# The Rectory



## Fred Berg (Mar 25, 2012)

Taken with Kodak colour film (400 asa, consumer grade) and converted to B&W in Picasa using the _Holga_ filter.


----------



## Derrel (Mar 25, 2012)

Excellent compositional skills Fred! I like this shot.


----------



## killbill (Mar 25, 2012)

Nice!


----------



## Frequency (Mar 25, 2012)

The power of black and white!!!
Is there a minor tilt?

Regards


----------



## Fred Berg (Mar 27, 2012)

Derrel said:


> Excellent compositional skills Fred! I like this shot.



Thanks Derrel.


----------



## Fred Berg (Mar 27, 2012)

killbill said:


> Nice!



Thanks killbill


----------



## Fred Berg (Mar 27, 2012)

Frequency said:


> The power of black and white!!!
> Is there a minor tilt?
> 
> Regards



Thanks Frequency.
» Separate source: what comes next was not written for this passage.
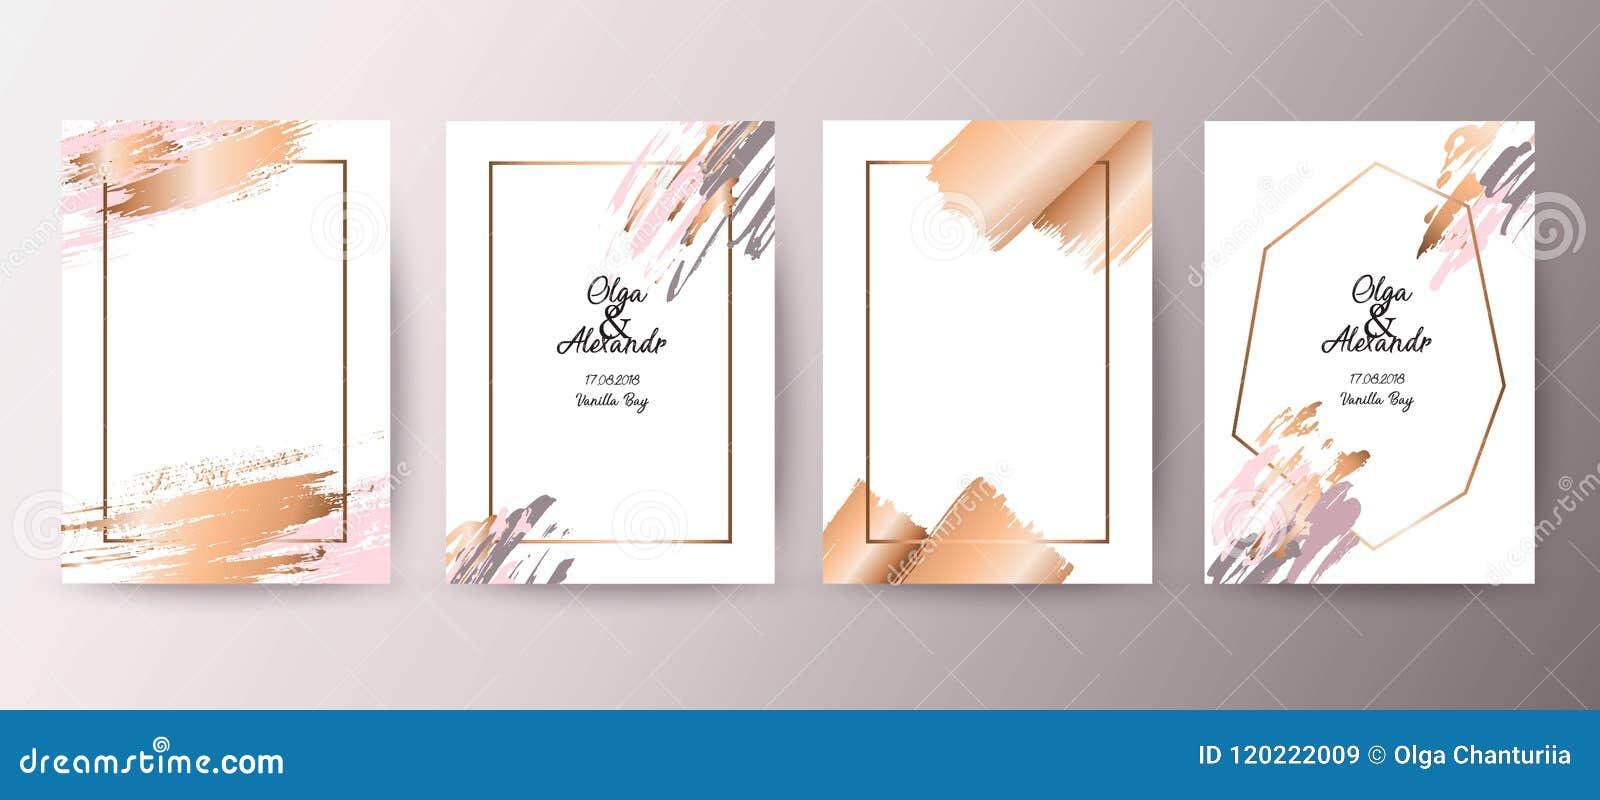 Χρυσό, ρόδινο φυλλάδιο, ιπτάμενο, πρόσκληση, κάρτα

Perhaps your desk is sloping?


----------



## Frequency (Mar 27, 2012)

Hahaha... but measurement shows the edge of the bamboo curtain at the top is closer to the right end of the frame by 1mm than at bottom


----------



## Joel_W (Mar 27, 2012)

Fred, a strong compostion with outstanding lighting. You've come a long way in a short time. Congratulations.


----------



## Fred Berg (May 3, 2012)

Joel_W said:


> Fred, a strong compostion with outstanding lighting. You've come a long way in a short time. Congratulations.
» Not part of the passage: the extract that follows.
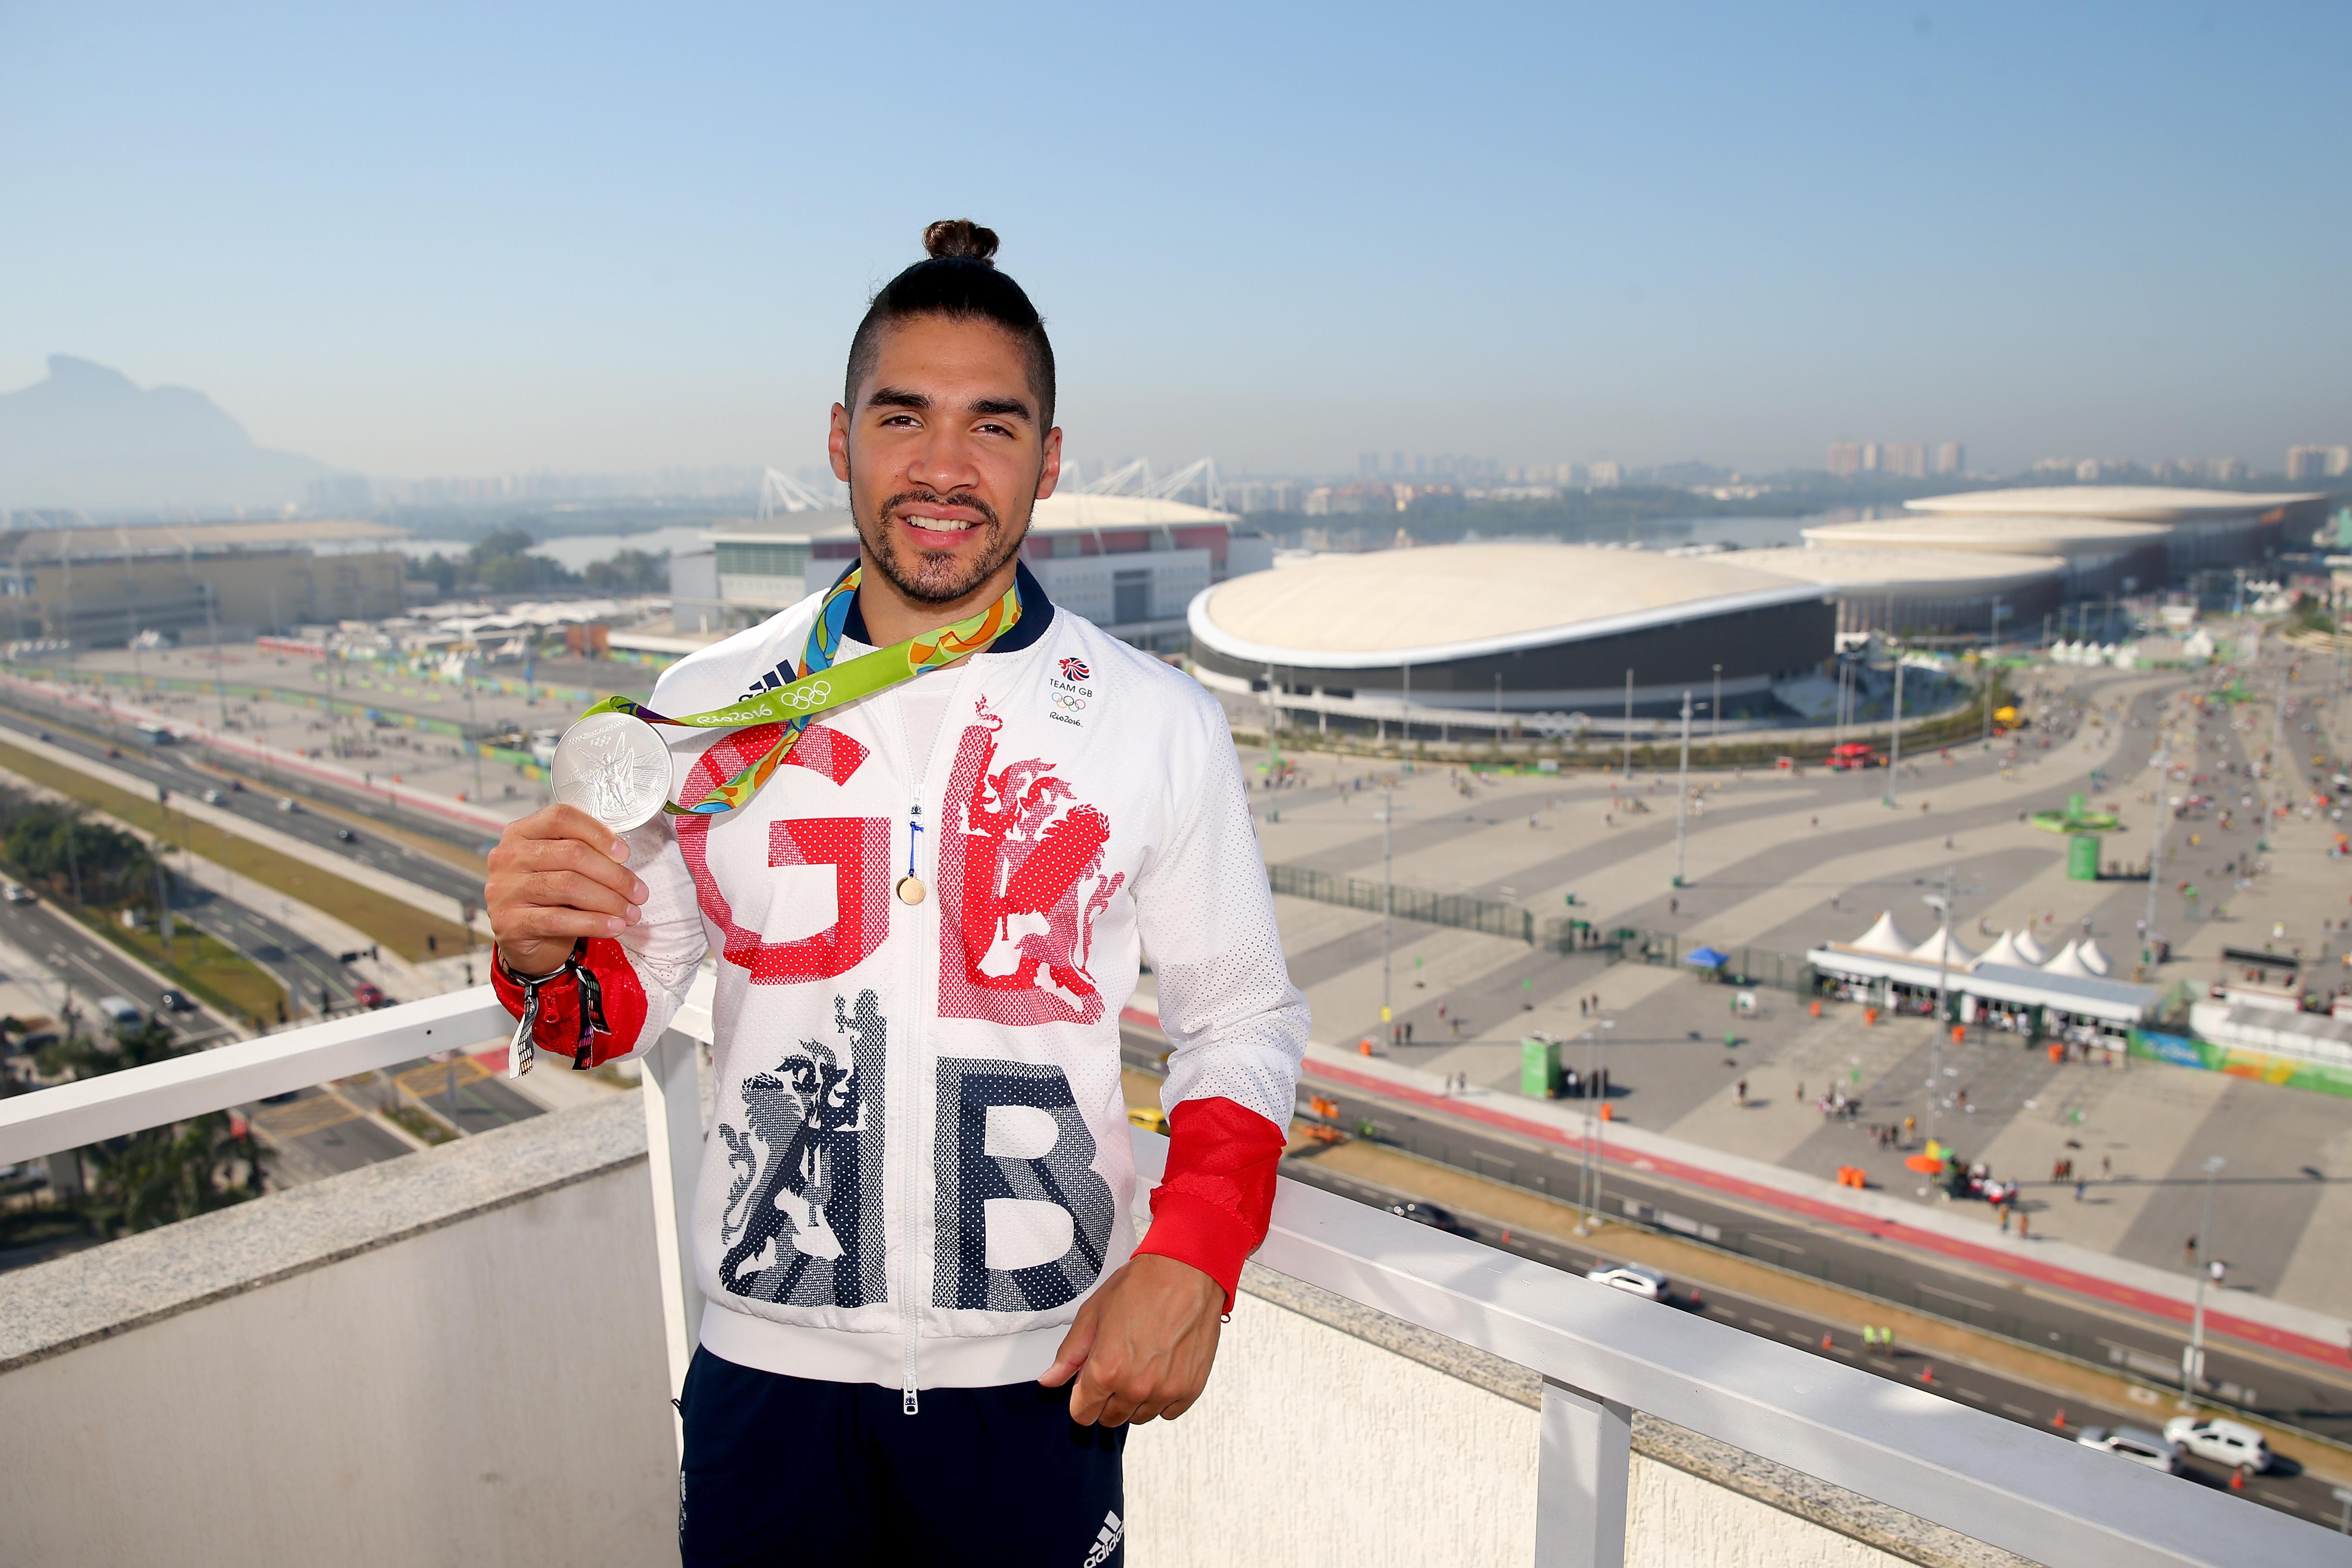 Louis Smith Rio 2016

Thanks, Joel. I appreciate the kind words


----------



## AlanE (May 3, 2012)

Excellent composition... The stair shadows added another layer of interest.


----------



## manaheim (May 3, 2012)

That's... quite neat.

I  noticed the tilt, too.  With so many lines I think the image is very sensitive to even the slightest tilt.  (Unless it's an optical illusion?)  I would tweak it, but otherwise... neat.


----------



## Fred Berg (May 11, 2012)

AlanE said:


> Excellent composition... The stair shadows added another layer of interest.


 


manaheim said:


> That's... quite neat.
> 
> I  noticed the tilt, too.  With so many lines I think the image is very sensitive to even the slightest tilt.  (Unless it's an optical illusion?)  I would tweak it, but otherwise... neat.
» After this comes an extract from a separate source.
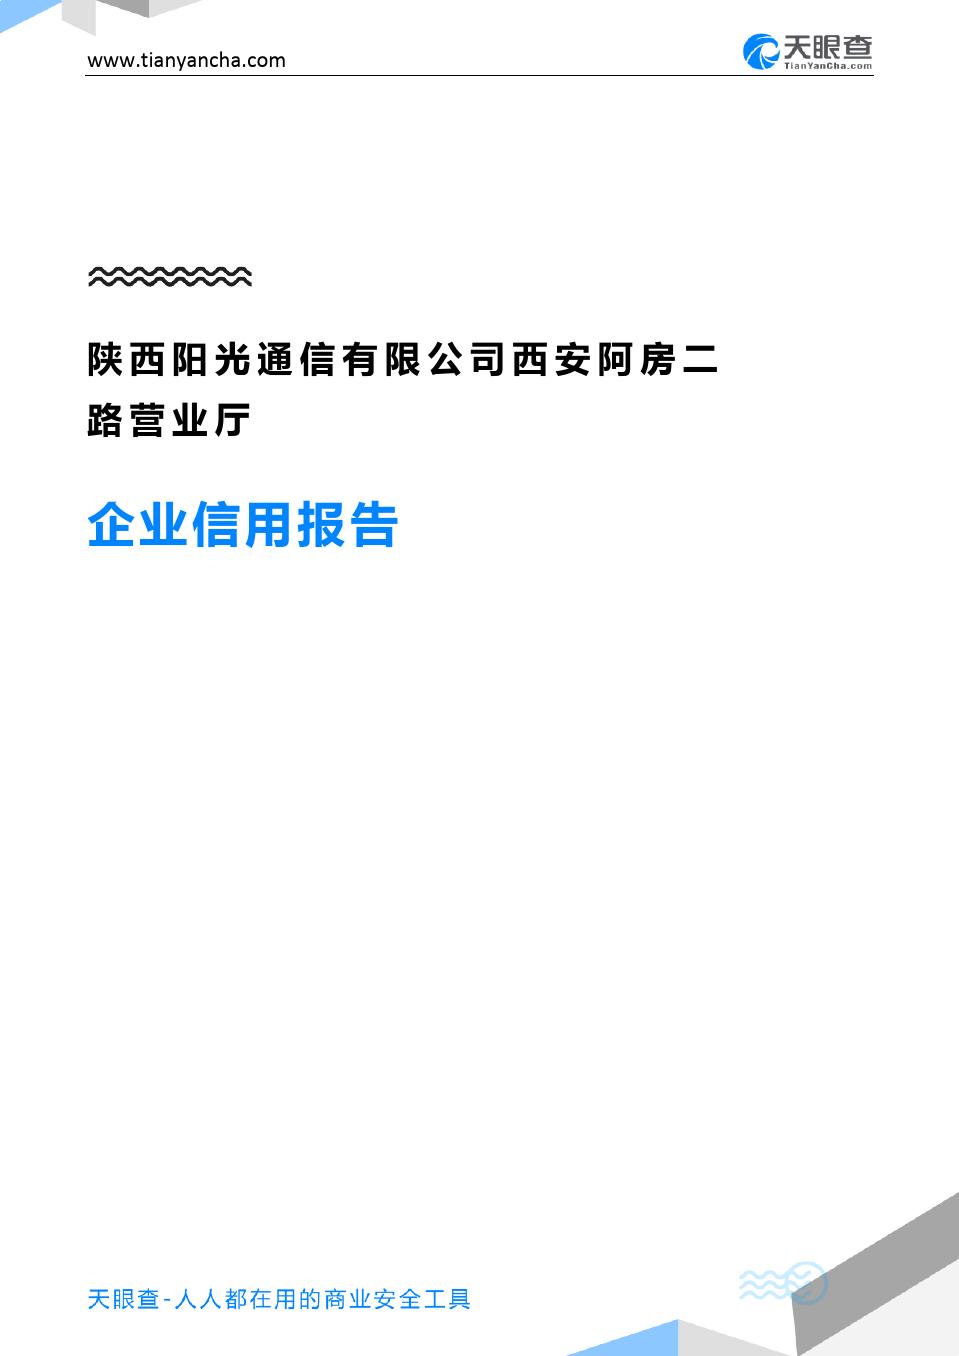 陕西阳光通信有限公司西安阿房二路营业厅企业信用报告-天眼查

Thanks both. I still don't see the tilt, but guess it must be there somewhere amongst all those lines. Still, not bad for a hand-held photo, eh?


----------



## charlie76 (May 12, 2012)

great b and w shot!!


----------



## LizardKing (May 12, 2012)

Great shot man! Congratulations! Love the composition!


----------



## Fred Berg (May 20, 2012)

charlie76 said:


> great b and w shot!!


 


LizardKing said:


> Great shot man! Congratulations! Love the composition!



Thanks both, I appreciate your comments.


----------